PROBLEM STATEMENT ▸ When you return the lines below, go from the first through the line with "Formula One commentator", keep them exact, and leave out every picture.
*** SUPPLIED MATERIAL
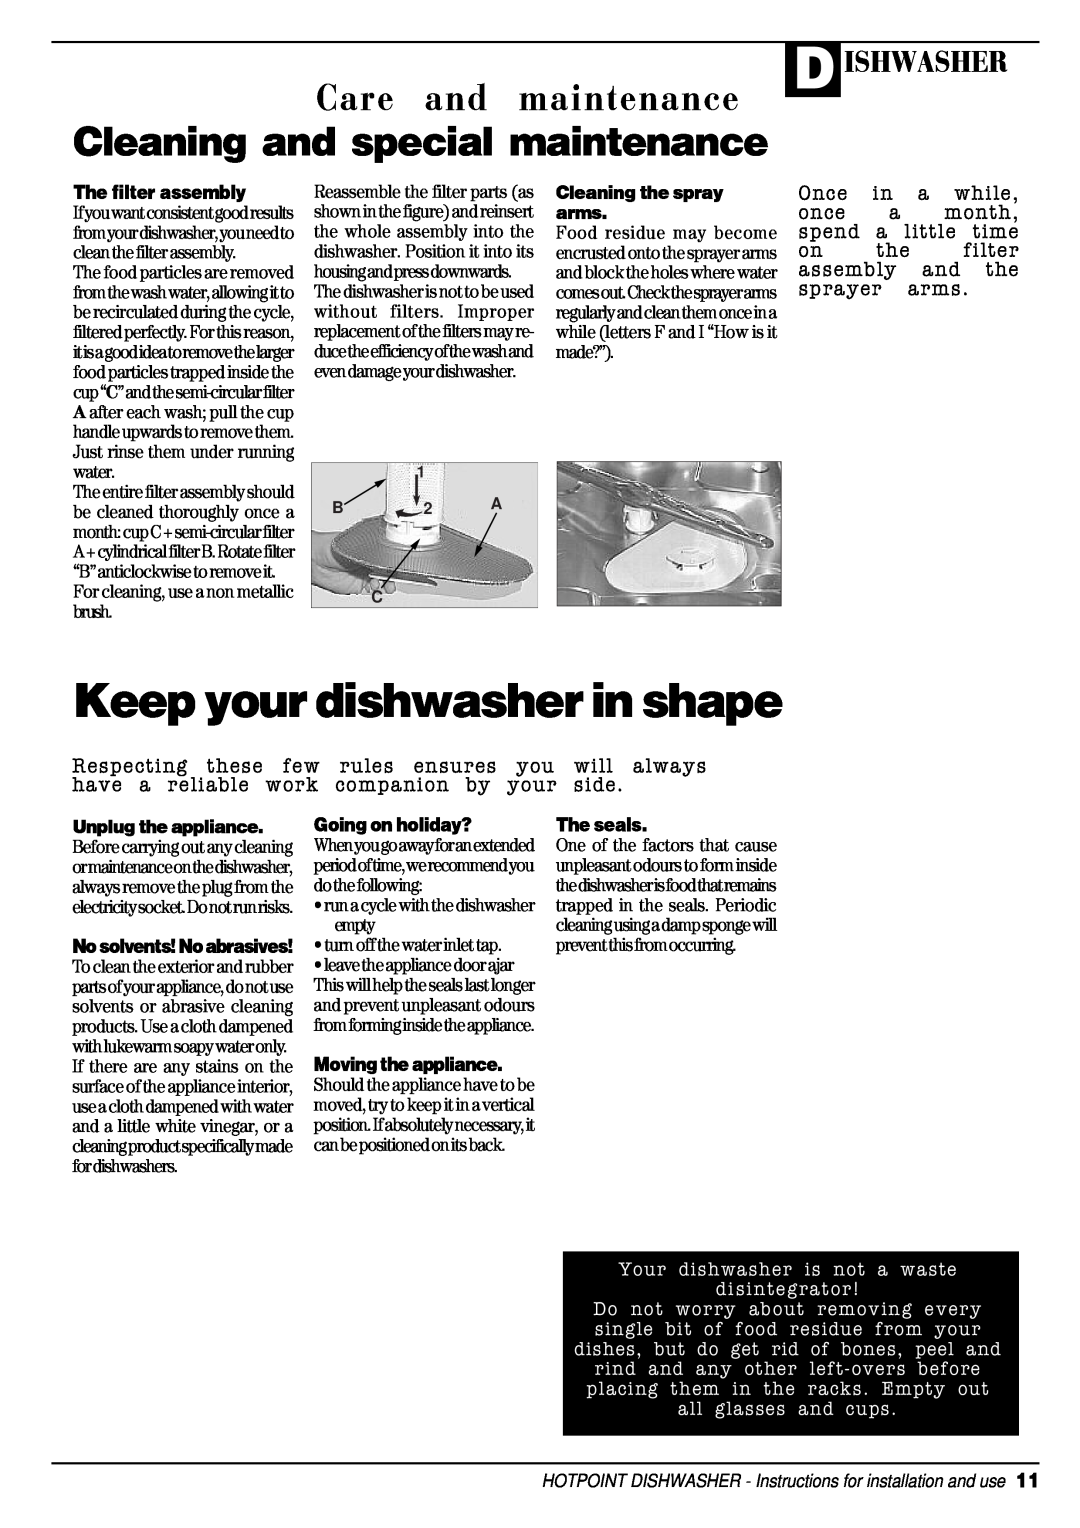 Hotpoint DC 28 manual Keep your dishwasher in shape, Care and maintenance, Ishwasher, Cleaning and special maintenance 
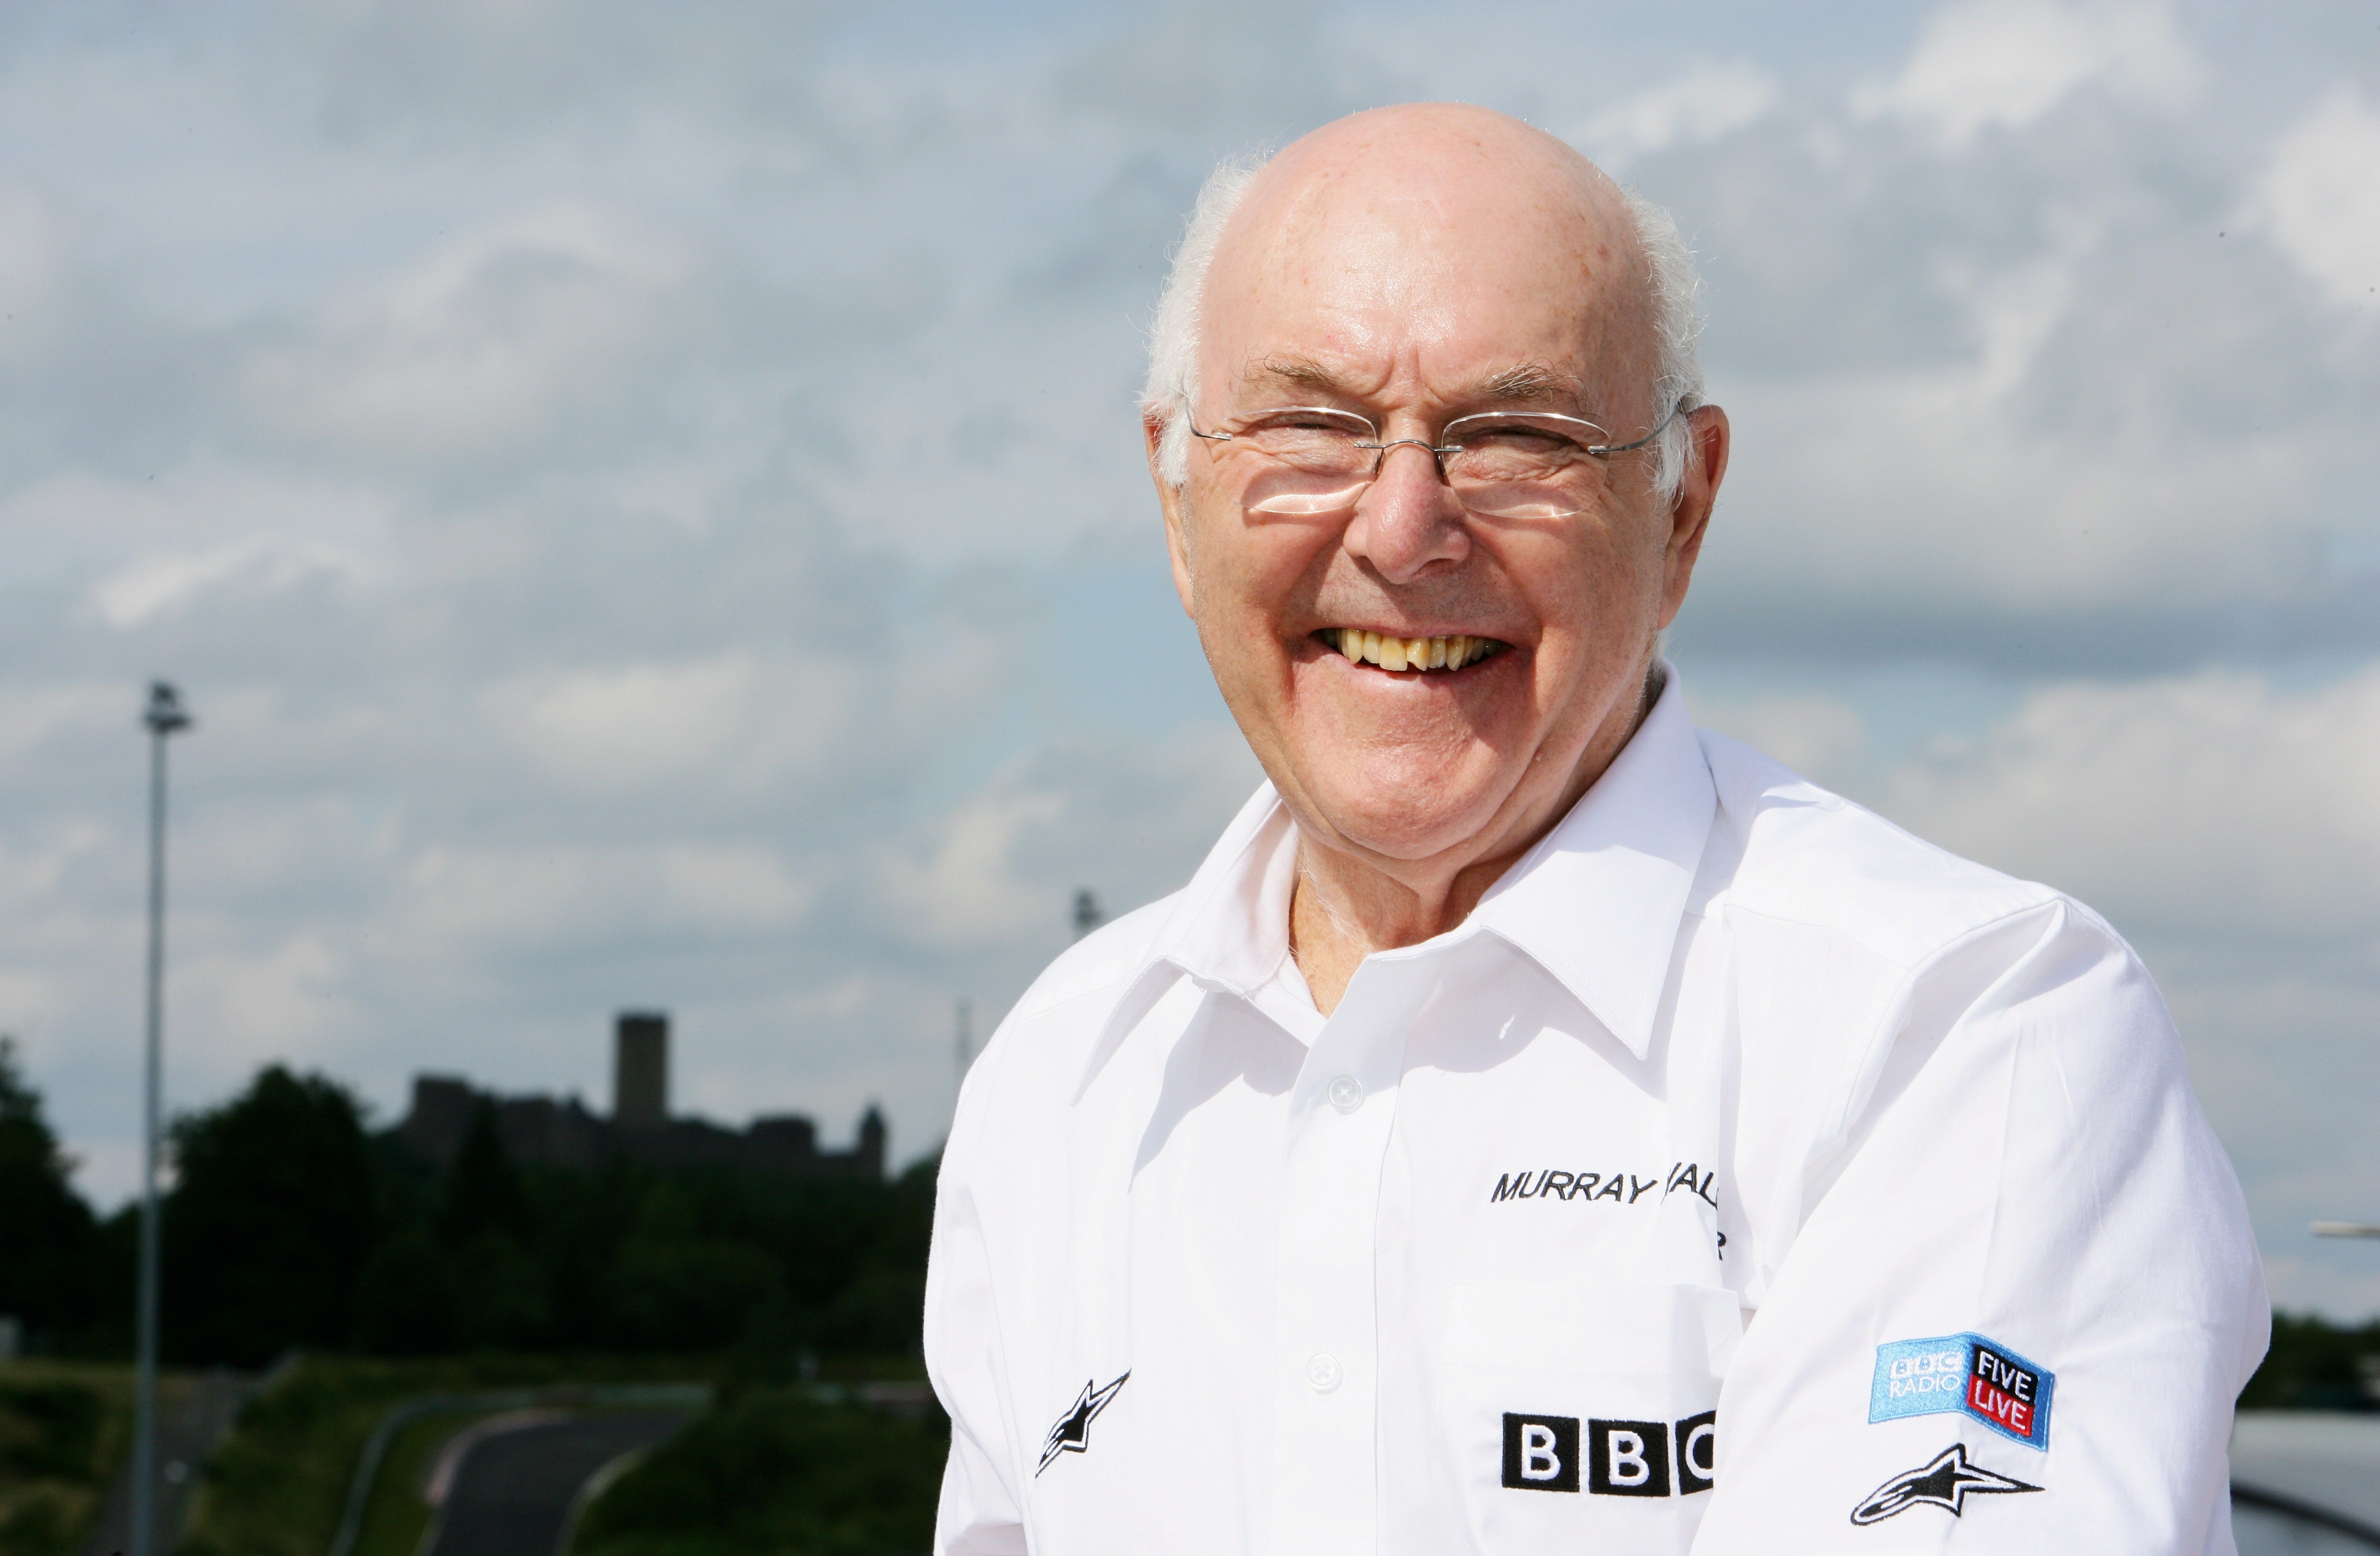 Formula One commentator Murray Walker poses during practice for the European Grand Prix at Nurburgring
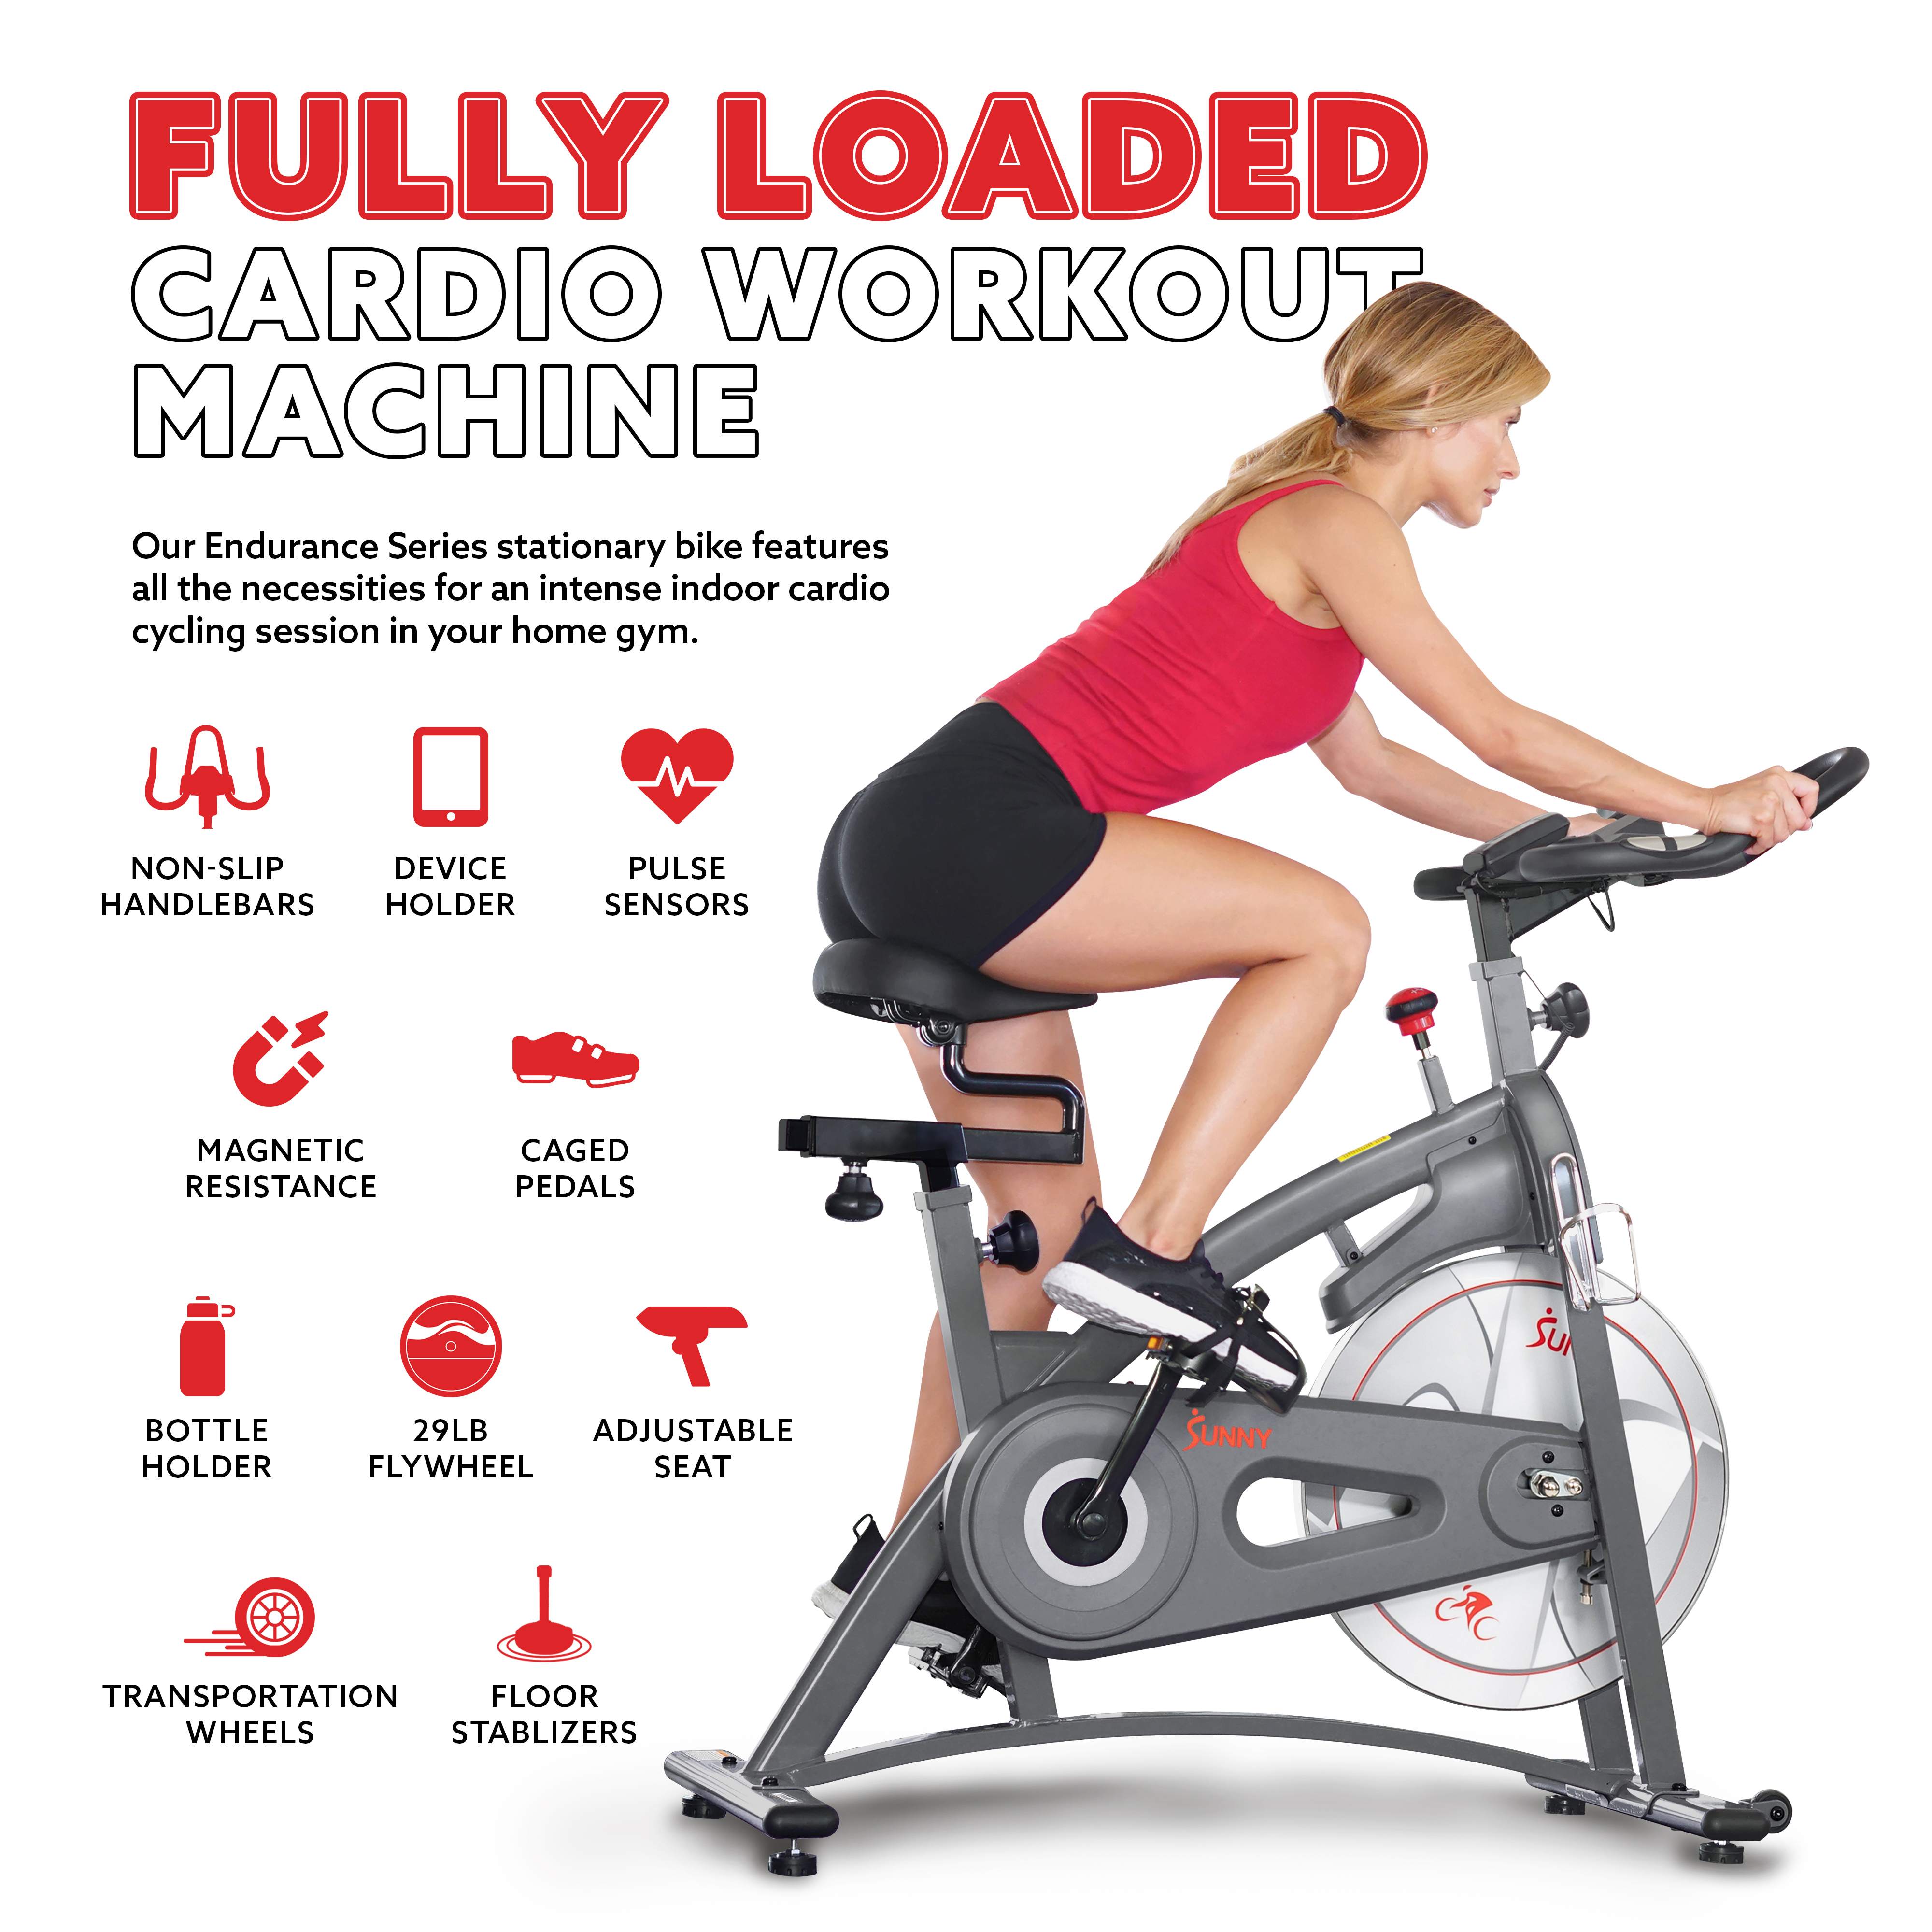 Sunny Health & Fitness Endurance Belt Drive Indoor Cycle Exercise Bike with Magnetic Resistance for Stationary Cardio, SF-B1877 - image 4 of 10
******
FINISHED TASK ▸
 Hotpoint DC 28 manual Keep your dishwasher in shape, Care and maintenance, Ishwasher, Cleaning and special maintenance 
 Formula One commentator Murray Walker poses during practice for the European Grand Prix at Nurburgring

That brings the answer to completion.